Quintieri started a newspaper entitled Il Giornale which folded in 1957 and a weekly La Libertà in June 1944. In 1944, he and another banker, Raffaele Mattioli, were assigned by Prime Minister Ivanoe Bonomi as the head of the Italian delegate which visited the US for potential economic support. In 1946, Quintieri was elected as a member to the Constituent Assembly for the Italian Liberal Party. He served there between 25 June 1946 and 31 January 1948. The assembly had the task of creating the Italian Constitution.
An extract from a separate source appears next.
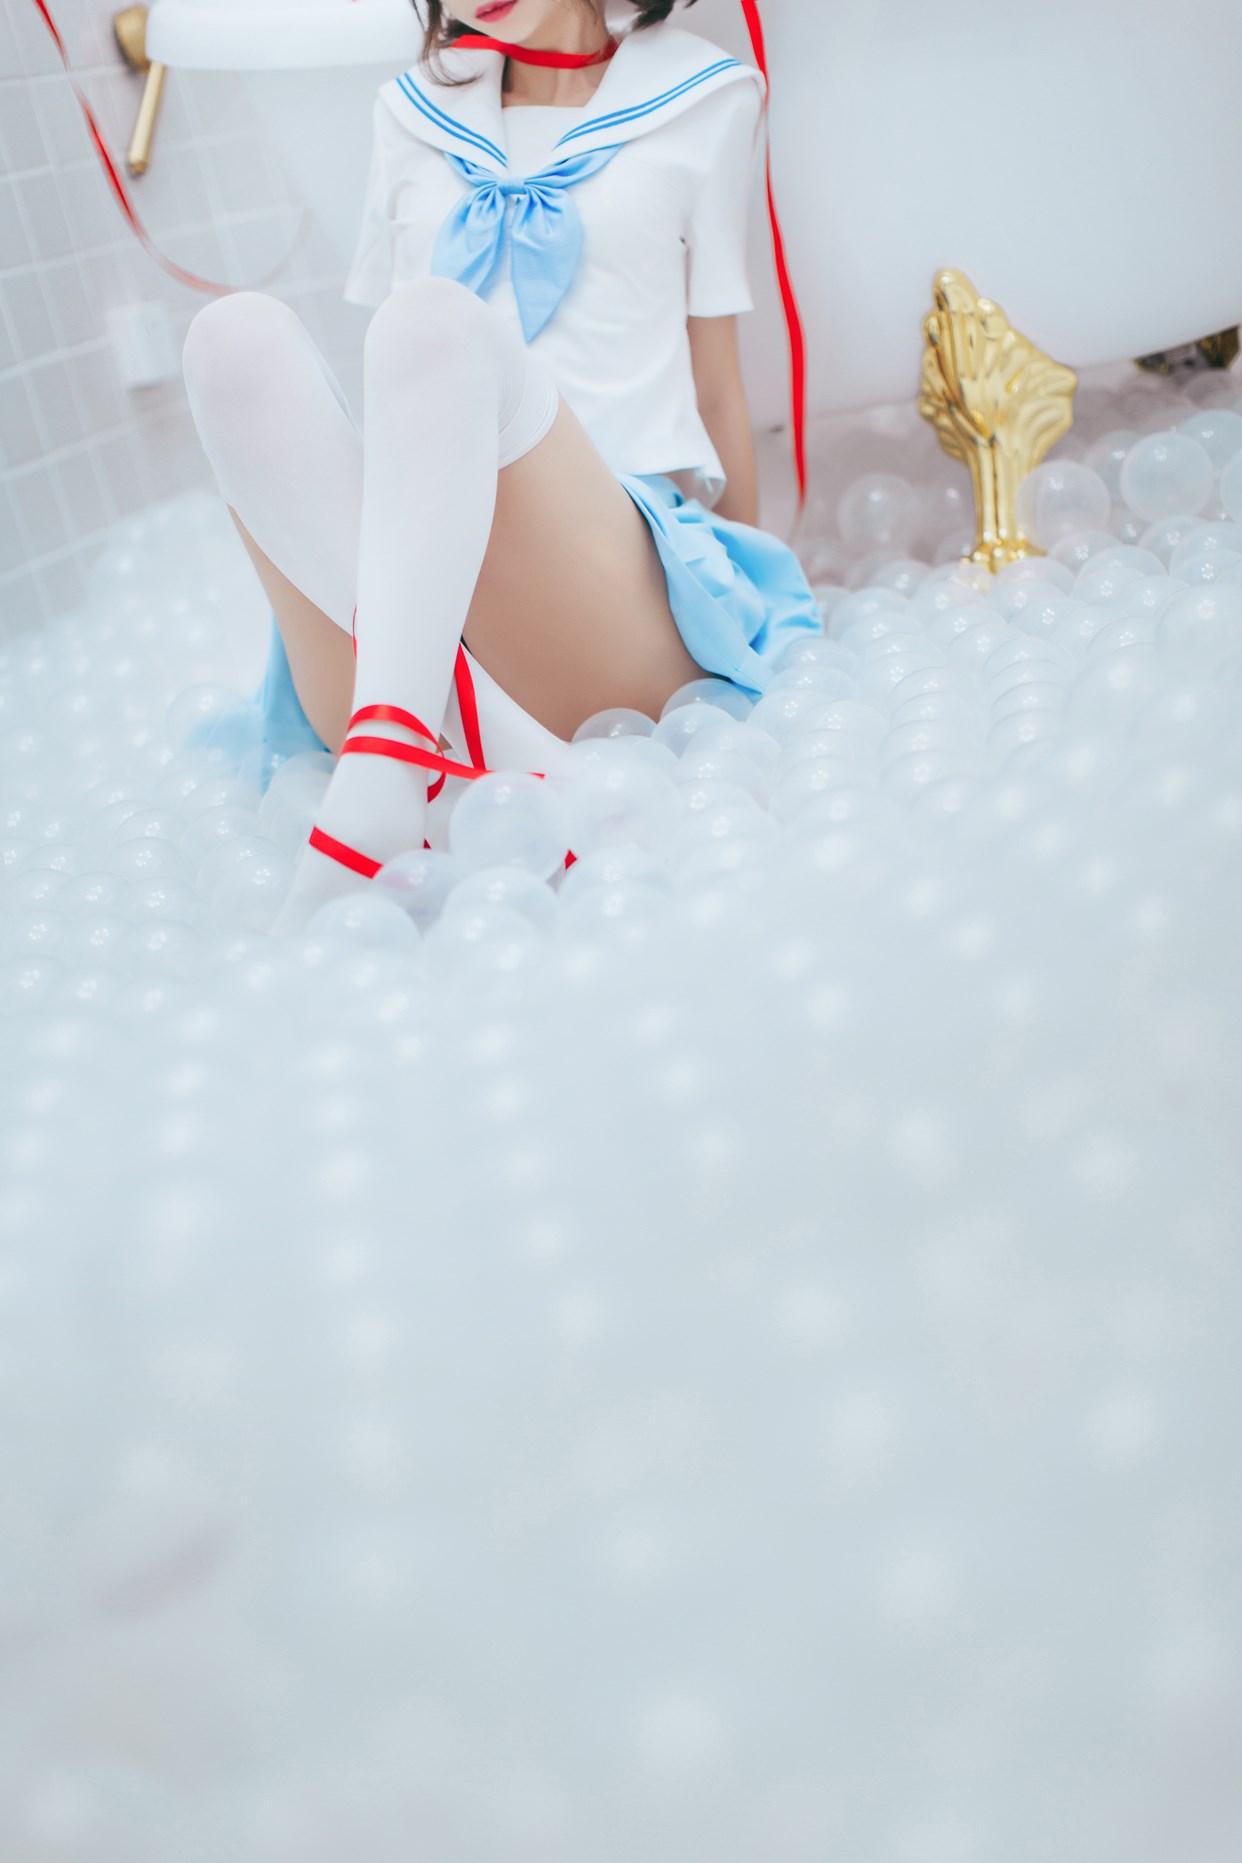 【兔玩映画】睡衣与浴室的水手服 兔玩映画 第41张

After retiring from politics in 1948 Quintieri resumed his post at the Bank of Calabria. He also became vice-president of Confindustria in 1949 and then president of the Union of Industrialists which included representations from the six countries of the European Coal and Steel Community.

==Personal life and death==
Quintieri settled in Switzerland in 1957. He remained unmarried and died in Geneva, Switzerland, on 23 December 1968.

===Honours===
Quintieri was awarded the Knights of Labour in 1958.